Four monkeys and a bag of bannanas


"Here is my answer"
d keys do: [:key | | element | element _ d at: key. d keysAndValuesRemove: [:tKey :value | tKey == key]. d at: element put: key.].

Here is the commend for keysAndValuesRemove, it helps explain much:
keysAndValuesRemove: keyValueBlock
"Removes all entries for which keyValueBlock returns true."
"When removing many items, you must not do it while iterating over the dictionary, since it may be changing. This method takes care of tallying the removals in a first pass, and then performing all the deletions afterward. Many places in the sytem could be simplified by using this method."

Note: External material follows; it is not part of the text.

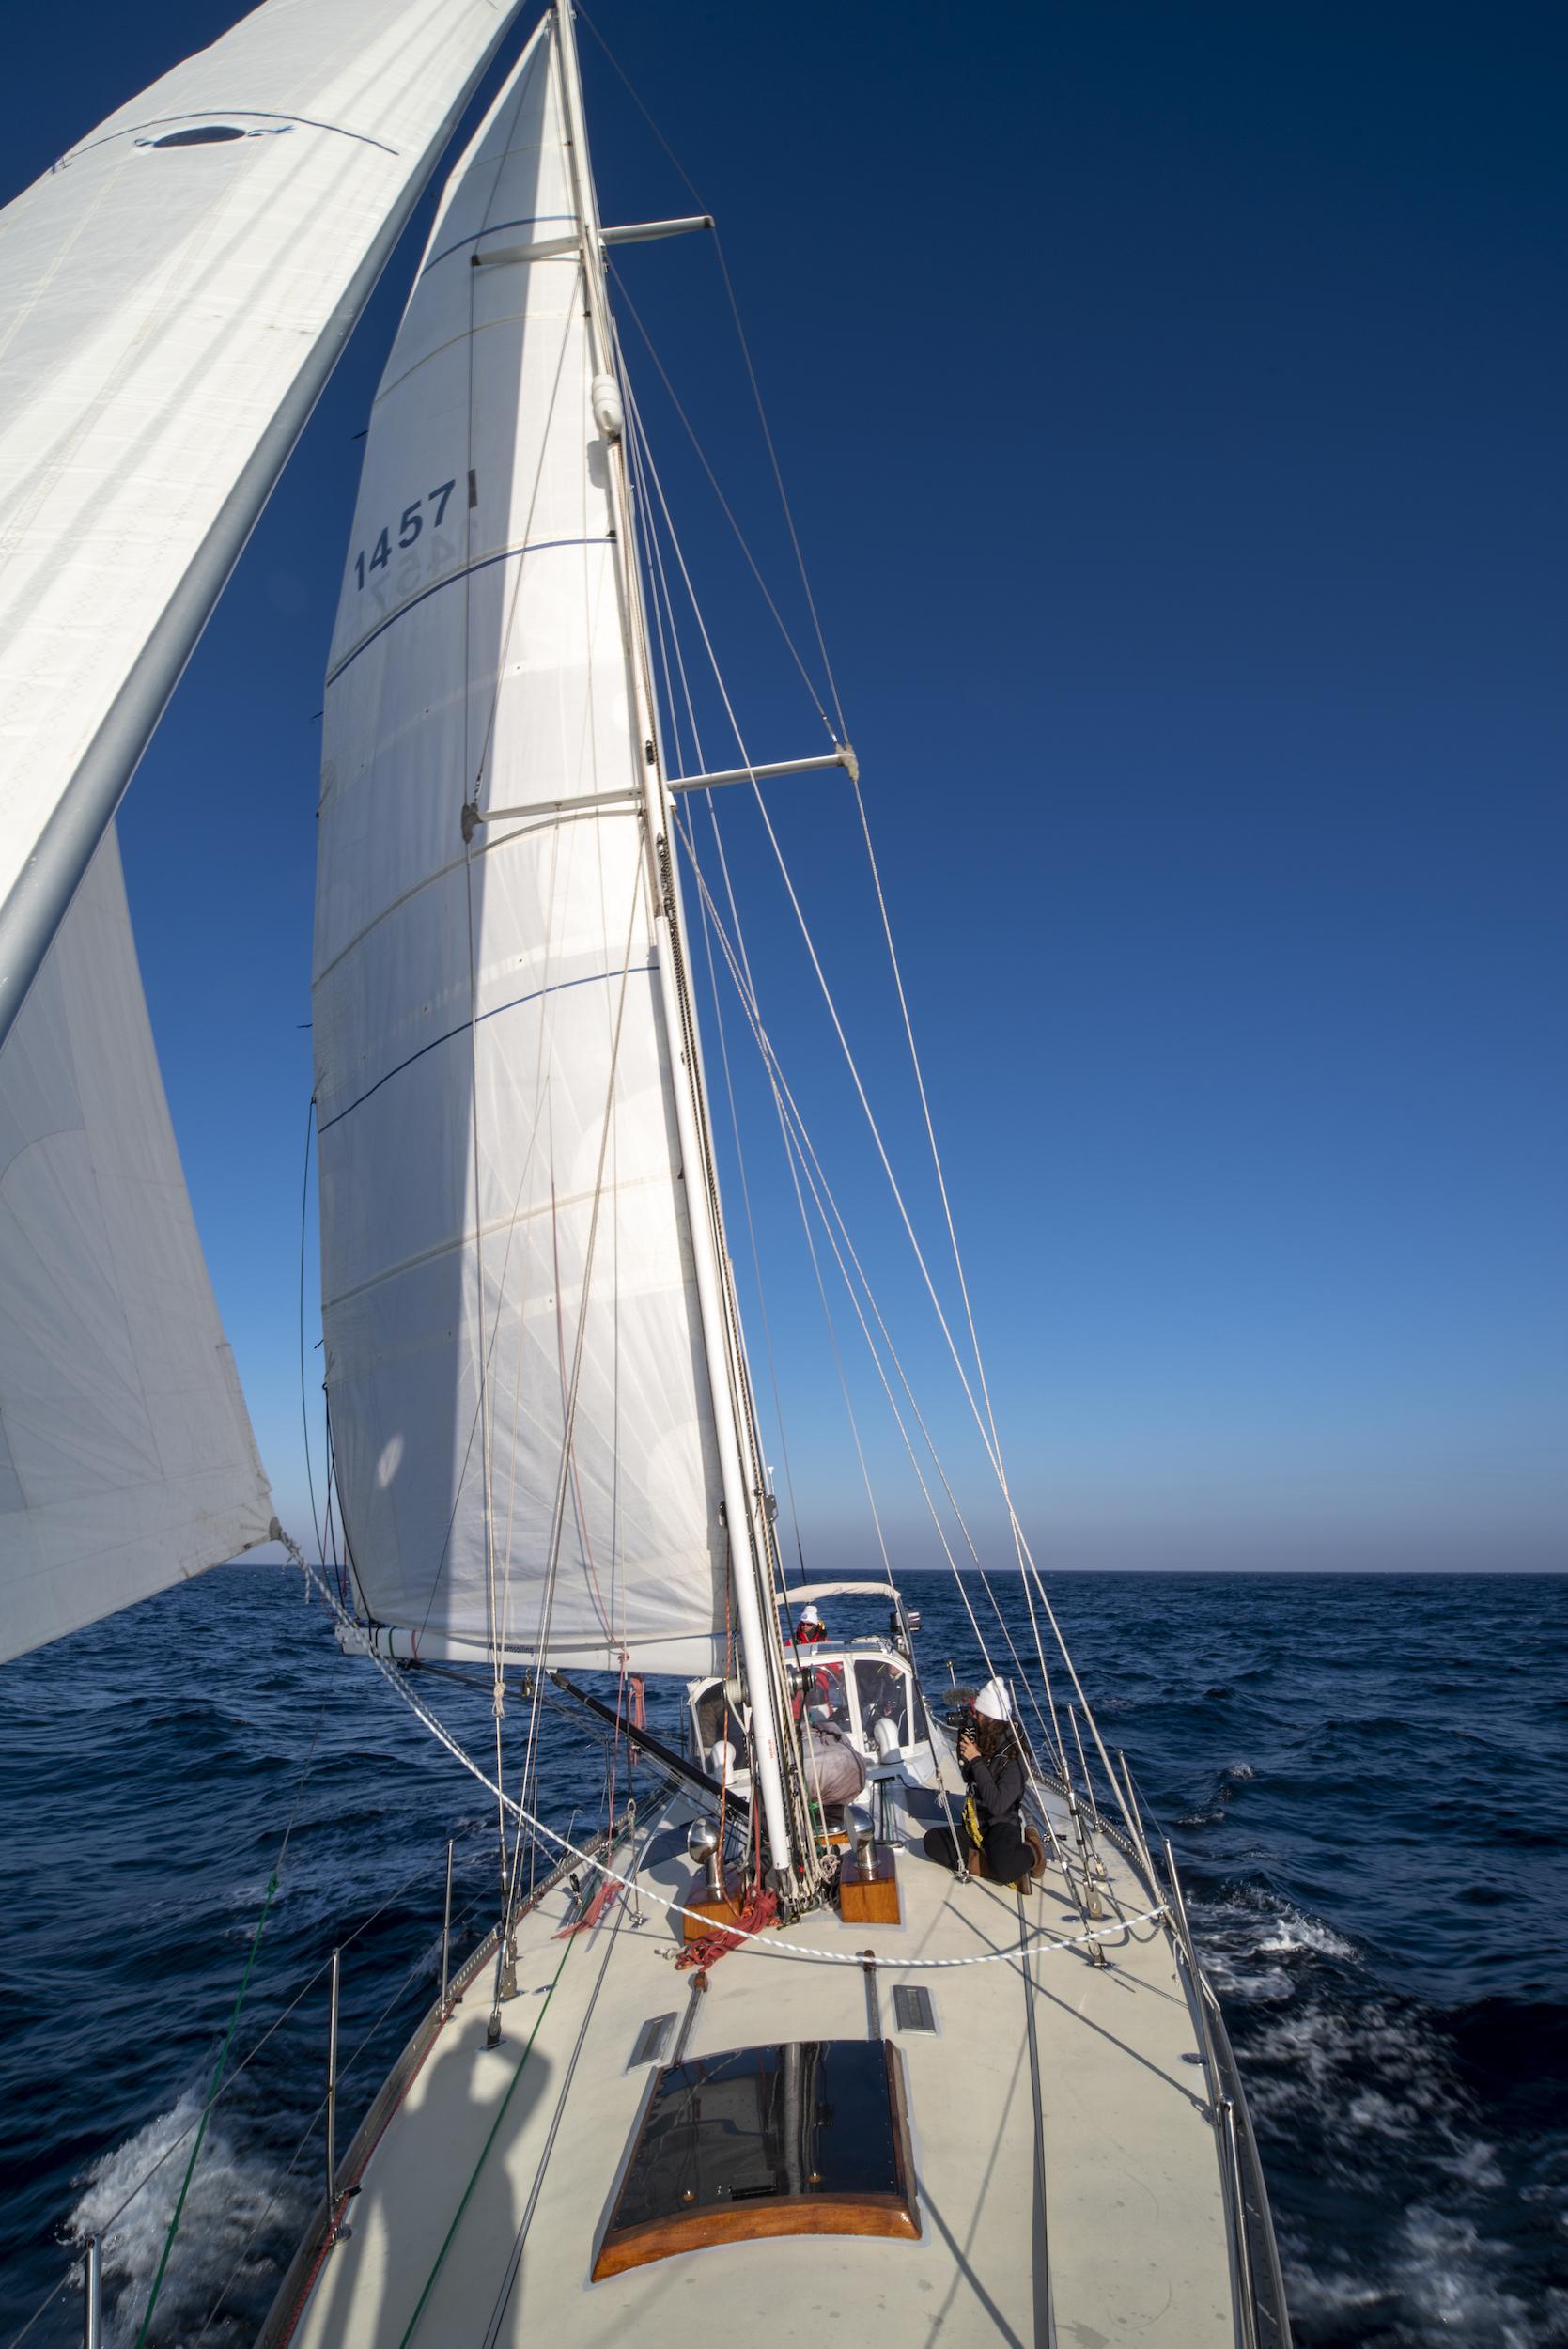 Offshore North Sea_12.jpg

There may be a more efficient way to answer this problem, but this avoids a major problem with dictionaries. Deleting is tricky. If you iterate with keysAndValuesDo to delete items, you may be faced with a constantly changing collection to work from. Therefore, I have adopted the strategy of working with the collection of keys and using keysAndValuesRemove.

Jonathan D'Andries


Has anyone thought about the following dictionary?
KeyValue
JaneSmith
JoeSmith
JohnTimberland
MichaelKovak
TonySmith

The transpose doesn't work right, because the dictionary associates one and only one key to every entry. If the value is not unique than a transpose of the dictionary is not possible.

KeyValue
SmithJane
SmithJoe
SmithTony
KovakMichael
TimberlandJohn
is not possible in a dictionary (because unique keys are required)...

That doesn't stop our program though. We get "undefined behavior". We loose entries...
Unknown Assailant

I just have to ask what is the act point of trying to do this in one line of code? Won't the VM run say 3 lines writen efficently at the same speed since it does the thing. It just doesn't seem to gain any optimization. Am I wrong?
Robert Schierholz
I think this is a pretty straightforward way of doing it rather than using obscure methods, just a simple swap:
d keys do: [:key | temp := d at: key. d removeKey: key. d at: temp put: key].
Ken Edwards
Or better yet:
d keys do: [:key | d at: (d at: key) put: key. d removeKey: key].
Ken Edwards
Or best (truly in one line, only one period):
d keys do: [:key | d removeKey: (d at: (d at: key) put: key)].
Ken Edwards
"make values keys, make keys values, then remove old keys..."

d keysDo:[:key | d at:(d at:key) put:key. d removeKey:key].